An iodinated polyamino compound, for example, one of those described hereinabove is dissolved in acidic buffer solution (pH value between 3.8-4.2) and then further mixed with reactive star PEG having unsaturated end groups, for example, a star PEG having a polyol residue core region and 8 hydrophilic polyethylene oxide arms having acrylate end groups, as a prepared fluid composition in one syringe. Another buffer solution is prepared having a controlled pH value around 9.8-10.4 as a fluid accelerant composition in another syringe.

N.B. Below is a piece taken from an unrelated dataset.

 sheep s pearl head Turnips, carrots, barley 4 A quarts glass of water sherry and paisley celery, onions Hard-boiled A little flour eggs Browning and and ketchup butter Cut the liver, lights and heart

Subsequently, a hydrogel is formed by combining the prepared fluid composition and the fluid accelerant composition to form crosslinked hydrogel simultaneously.

Claims

1. A system for forming a hydrogel that comprises (a) an iodinated polyamino compound and (b) a reactive multi-arm polymer that comprises a plurality of hydrophilic polymer arms having unsaturated end groups that are reactive with amino groups of the iodinated polyamino compound.

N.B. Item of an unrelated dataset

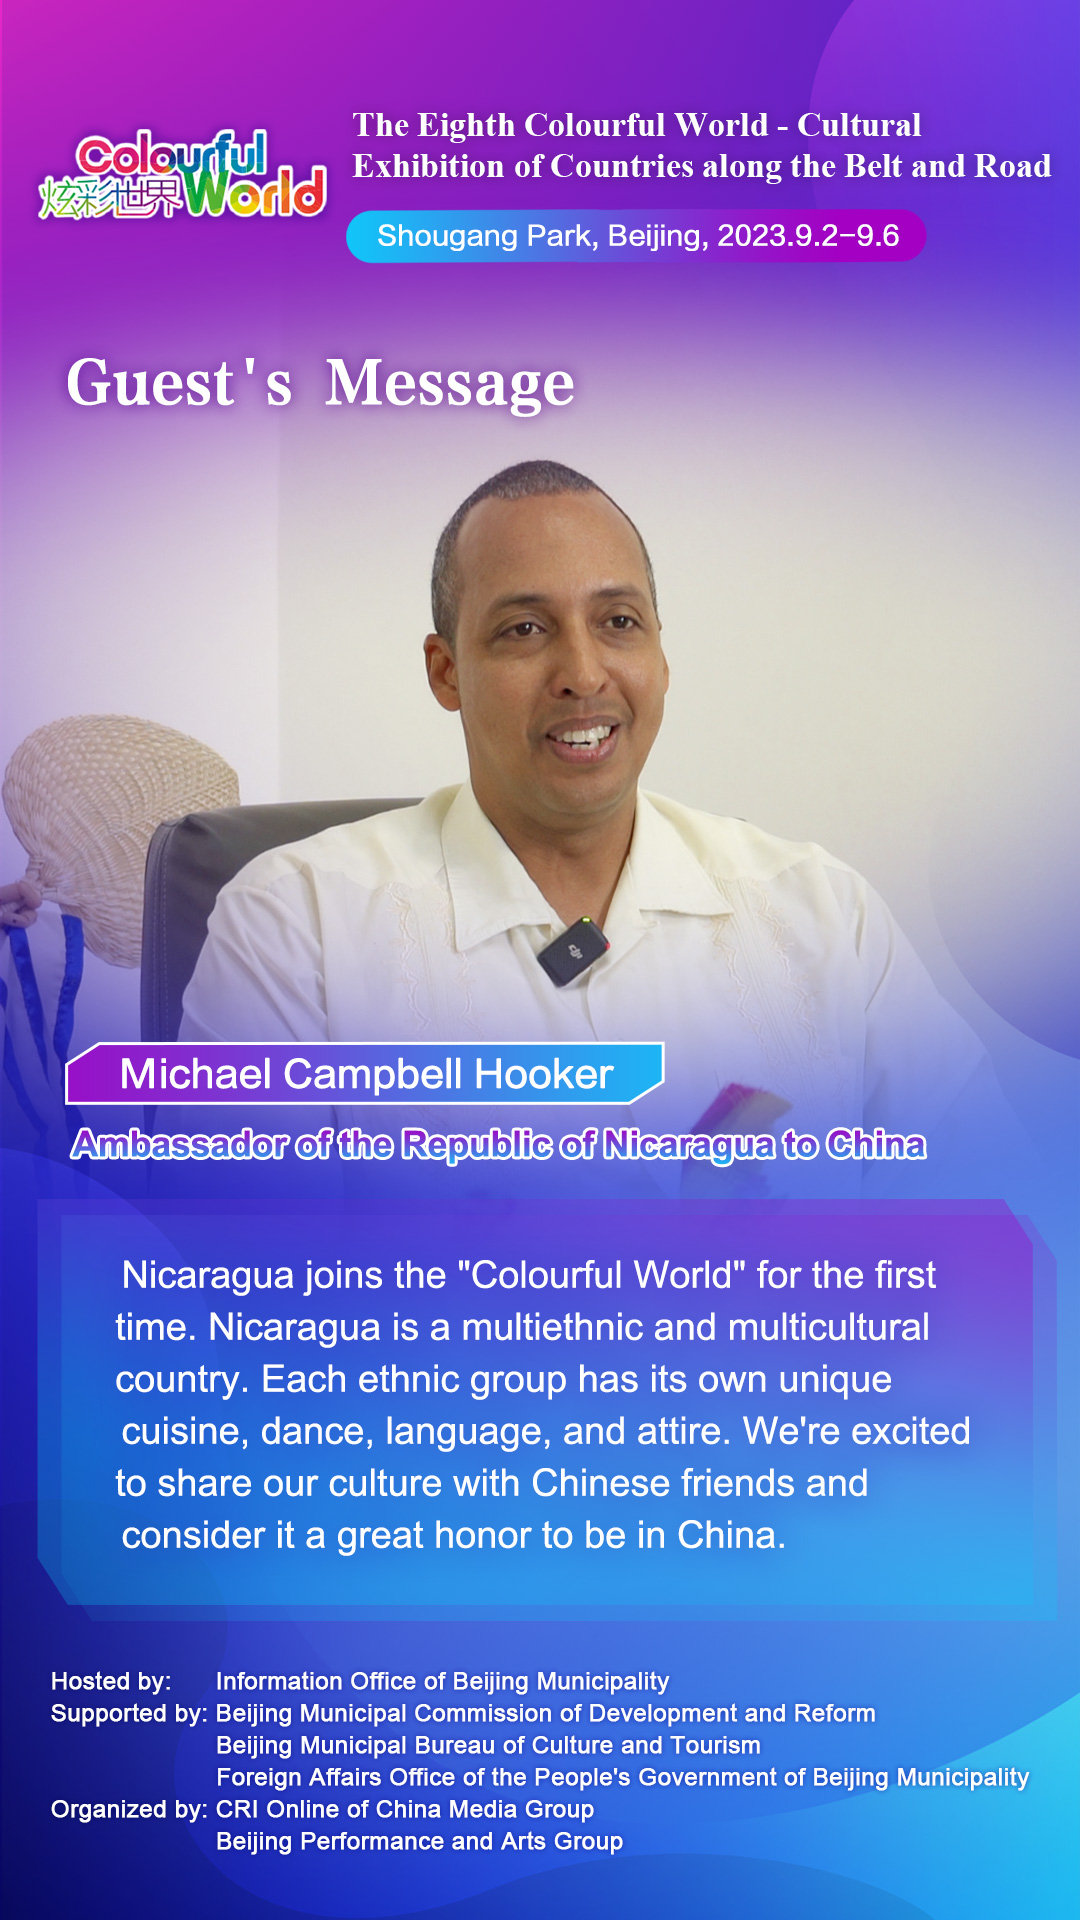 Guest’s Message - Michael Campbell Hooker, Ambassador of the Republic of Nicaragua to China_fororder_第八届“炫彩世界”-金句海报-English-尼加拉瓜(1)

2. The system of claim 1, wherein the iodinated polyamino compound comprises a polyamino moiety that is linked to a carboxy-substituted iodinated moiety by an amide group.

3. The system of claim 2, wherein the carboxy-substituted iodinated moiety comprises an iodinated group and a carboxylic acid or carboxylate group.

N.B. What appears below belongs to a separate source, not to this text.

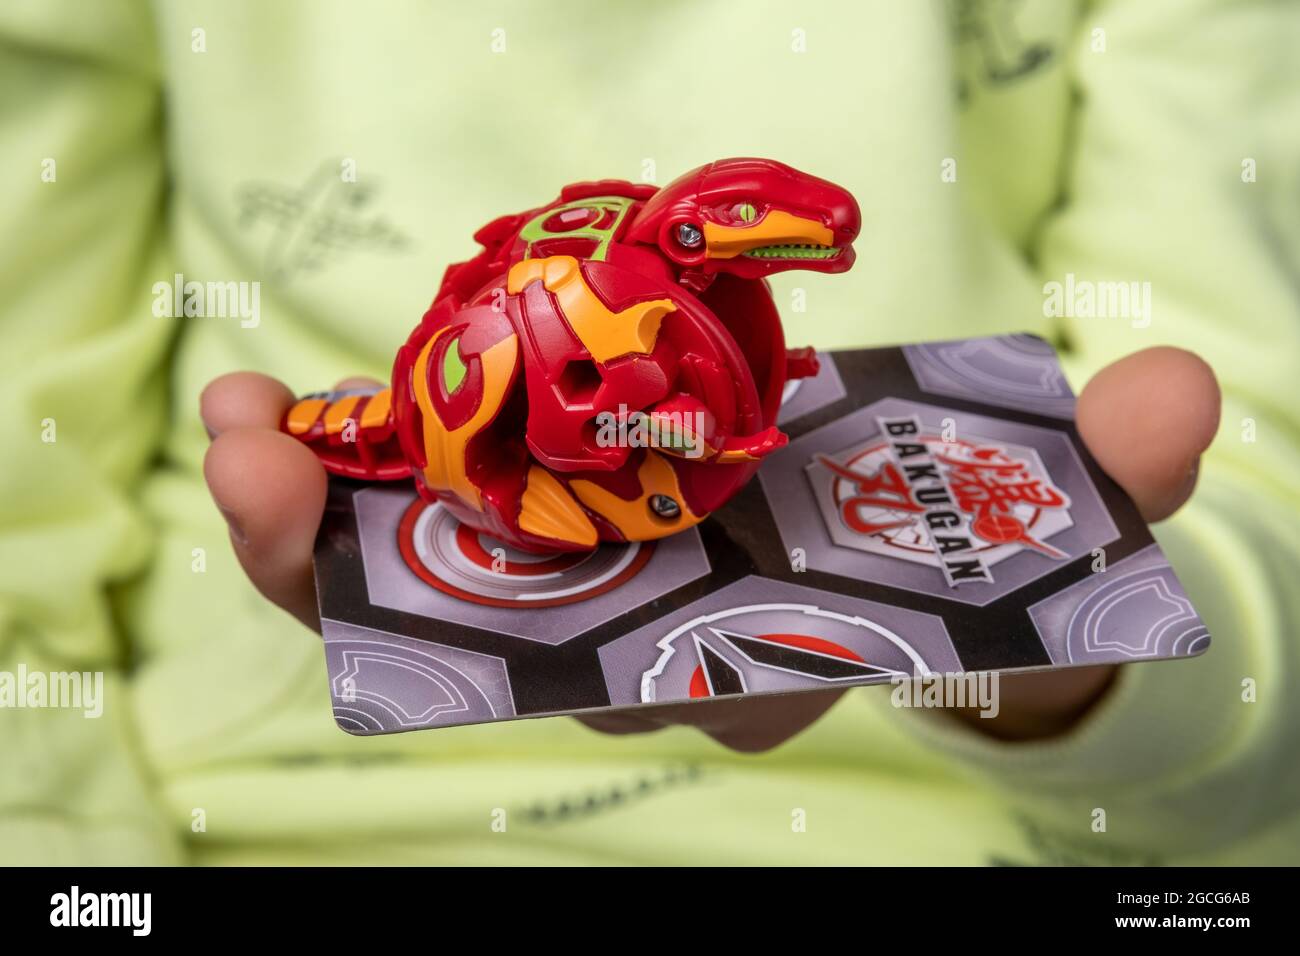 Bakugan Ball toy. Toy transformed in a dragon shape, hold in child's hand  with magnetic card. Stafford, United Kingdom, August 8, 2021 Stock Photo -  Alamy

4. The system of claim 2, wherein the carboxy-substituted iodinated moiety is an iodinated amino acid residue.

5. The system of claim 4, where the iodinated amino acid residue comprises an iodinated aromatic group.

6. The system of claim 2, wherein the carboxy-substituted iodinated moiety comprises an iodinated aromatic group and a carboxylic acid or carboxylate group.

7. The system of claim 5, wherein the iodinated aromatic group is a monocyclic or multicyclic aromatic moiety that is substituted with one or more iodine groups and one or more hydroxyl groups.

8. The system of claim 2, wherein the polyamino moiety comprises a plurality of —(CH2)x—NH2 groups where x is 0, 1, 2 3, 4, 5 or 6.

9. The system of claim 8, wherein the plurality of —(CH2)x—NH2 groups are disposed along a polymeric moiety.

10. The system of claim 2, wherein the polyamino moiety comprises a residue of a carboxyl-substituted polyamino compound.

11. The system of claim 2, wherein the polyamino moiety comprises two or more amino acid residues selected from residues of lysine, ornithine, and combinations thereof.

12. The system of claim 1, wherein the unsaturated end groups are selected from acrylate ester groups and propiolate ester groups.

13. The system of claim 1, wherein the hydrophilic polymer arms comprise one or more hydrophilic monomers selected from ethylene oxide, N-vinyl pyrrolidone, oxazolines, hydroxyethyl acrylate, hydroxyethyl methacrylate, PEG methyl ether acrylate or PEG methyl ether methacrylate, or PNIPAAM.

14. The system of claim 1, wherein the unsaturated end groups are linked to the hydrophilic polymer arms by hydrolysable ester groups.

15. The system of claim 14 wherein the hydrolysable ester groups are selected from glutarate ester groups, succinate ester groups, carbonate ester groups, or adipate ester groups.

16. The system of claim 1, wherein the system comprises a first precursor composition that comprises the iodinated polyamino compound, a second precursor composition that comprises the reactive multi-arm polymer, and an optional accelerant composition.

17. The system of claim 16, wherein the first precursor composition is provided in a syringe barrel, the second precursor composition is provided in a vial, and the accelerant composition is provided in a syringe barrel.

18. A medical hydrogel formed by crosslinking an iodinated polyamino compound and a reactive multi-arm polymer that comprises a plurality of hydrophilic polymer arms having unsaturated end groups that are reactive with amino groups of the iodinated polyamino compound under conditions such that the medical hydrogel is formed.

19. The method of claim 18, wherein said medical hydrogel is a medical implant.

20. A method of treatment comprising administering to a subject a mixture that comprises an iodinated polyamino compound and a reactive multi-arm polymer that comprises a plurality of hydrophilic polymer arms having unsaturated end groups that are reactive with amino groups of the iodinated polyamino compound under conditions such that the iodinated polyamino compound and the reactive multi-arm polymer cross-link after administration.